Accessibility is…artful.

Many disabled artists have taken to using access features as compositional materials for art-making. Things like captions or ASL interpretation or visual descriptions, which we often think of as added onto an original work of art, are becoming creatively embedded into artistry as a set of materials.

In a blackbox theater, a fabric cube is luminescent in blue and purple with white gesture drawings from Pelenakeke Brown, drawing with live projections. Inside the cube, Yo-Yo arches to the side, ther arm over her head, shaping her body to the looping drawings on the screen. Behind her a description of the sound “birds leave sound gets deeper deeper steady rhythms are sounds like a train passing past far another like leaking rain.”
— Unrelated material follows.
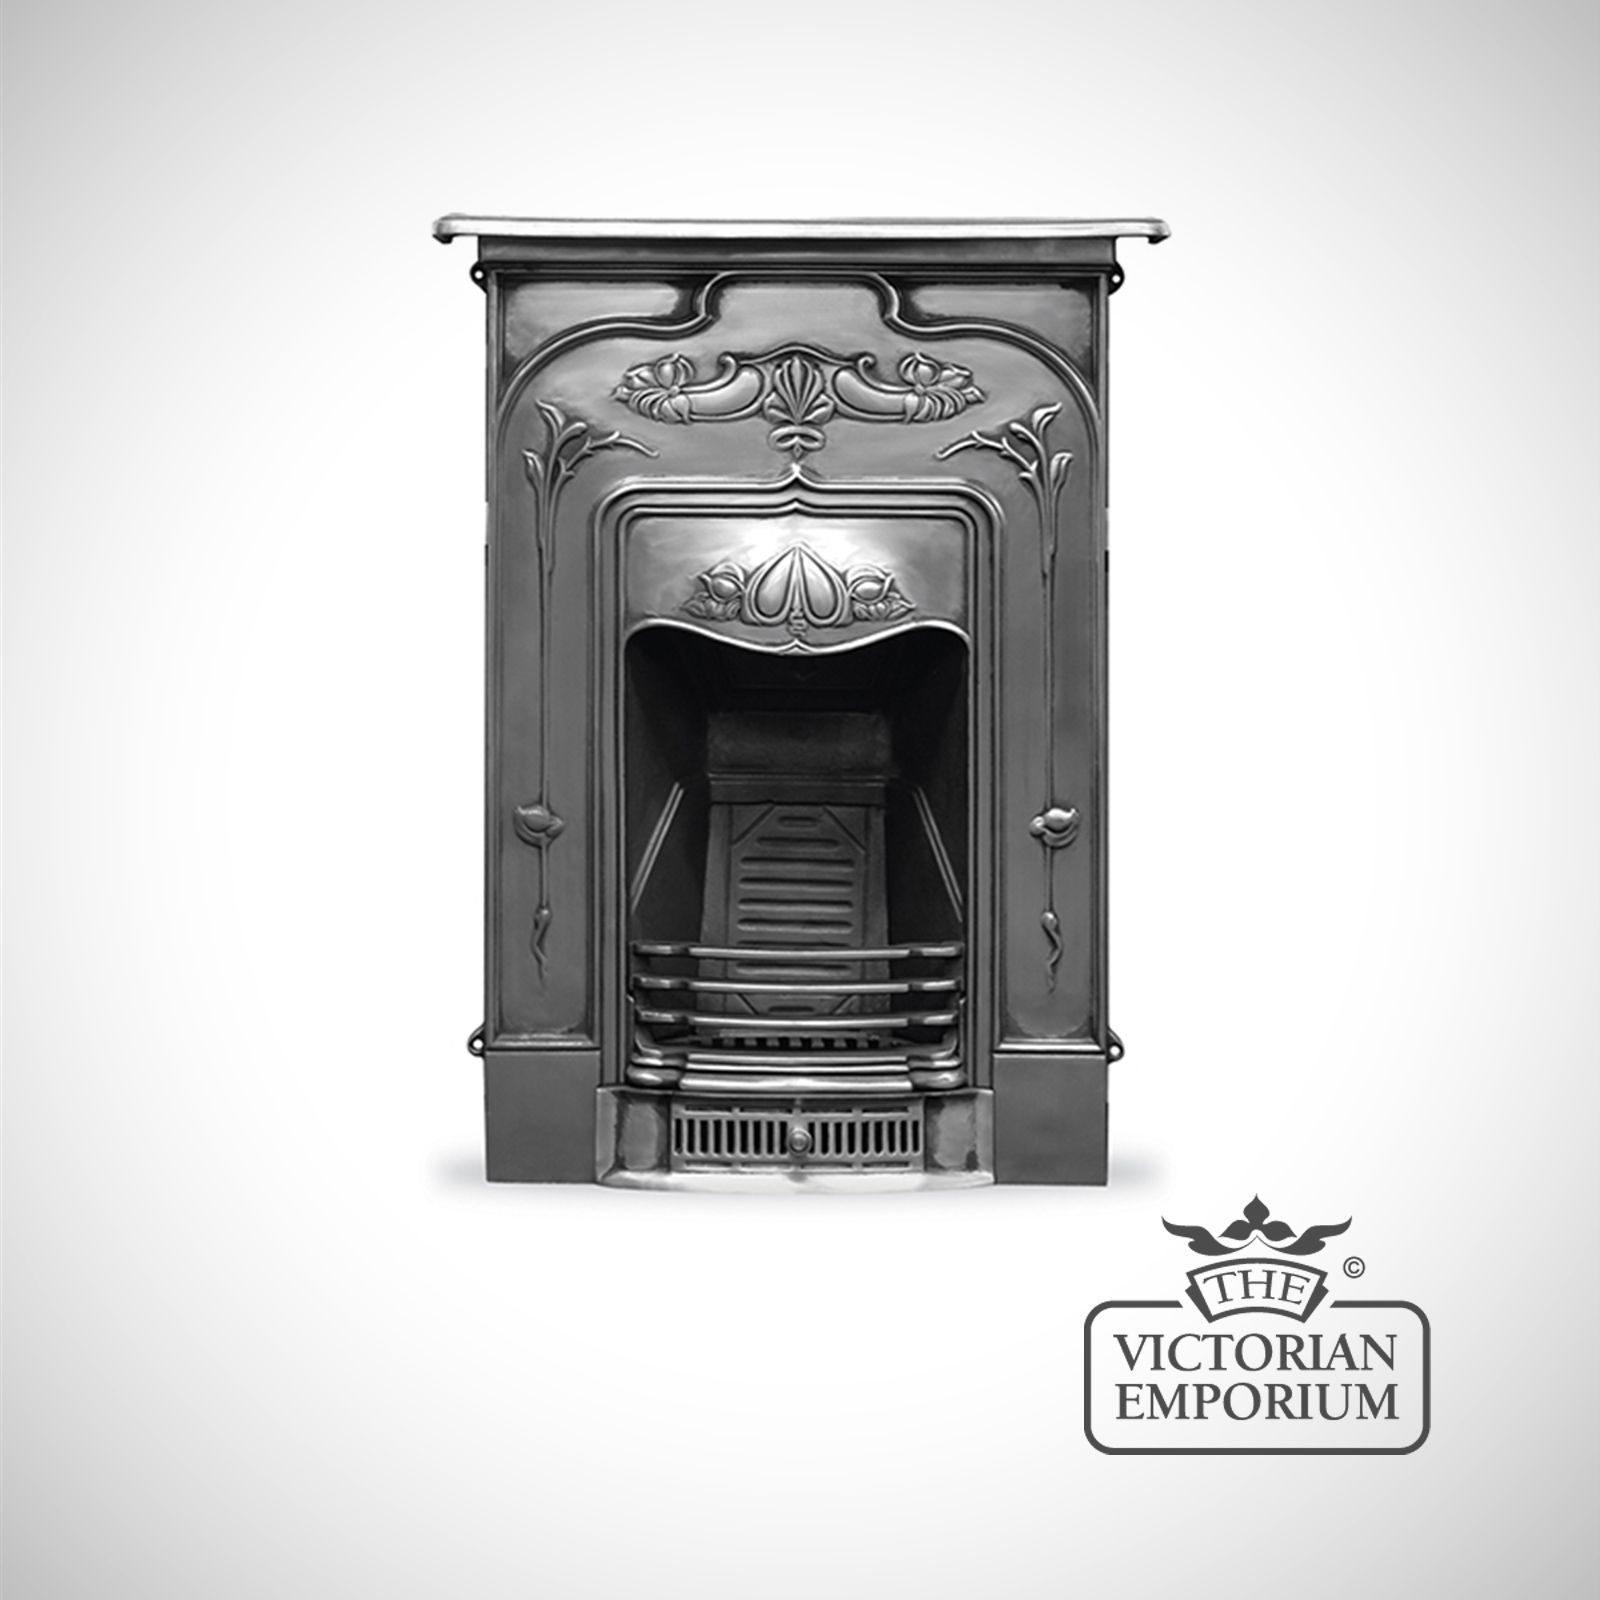 Art Nouveau style cast iron fireplace

Photo of Yo Yo Lin’s performance Channels by Ahad Subzwari (Courtesy of The Shed). Made in collaboration with Despina & Pelenakeke Brown: More information linked here.

What opens up when we perceive accessibility not as a set of obligations for compliance with laws and regulations – things that often destroy the creative impulse – but as a kind of artistry itself?

Disabled artists are artists. Disability dance and performance artistry takes many forms that ableist public perceptions of disability often lump together. These works do not always, automatically emerge from the experience of trauma, pain, and duress. This work can be funny and playful and often surprising.

A Black man wearing black sports clothes and sunglasses shares a tactile map of a dance studio with two AXIS dancers.
AXIS Choreo-Lab Fellow DJ Robinson, who is blind, shares a tactile map of a dance studio with AXIS dancers Julie Hasushi and Anna Gichan.

Questions

  • Are you engaging disabled artists for their artistic contributions?
  • Can you be thorough and specific about disabled artists’ work?
  • Can you identify the differences in the works of disabled artists?
  • Do you notice opportunities for the integration of access features for audiences as an extension of the artwork itself?
  • Are the access features you’re imagining for a particular production available to everyone? Or do specific audiences need to make contact in order to access them?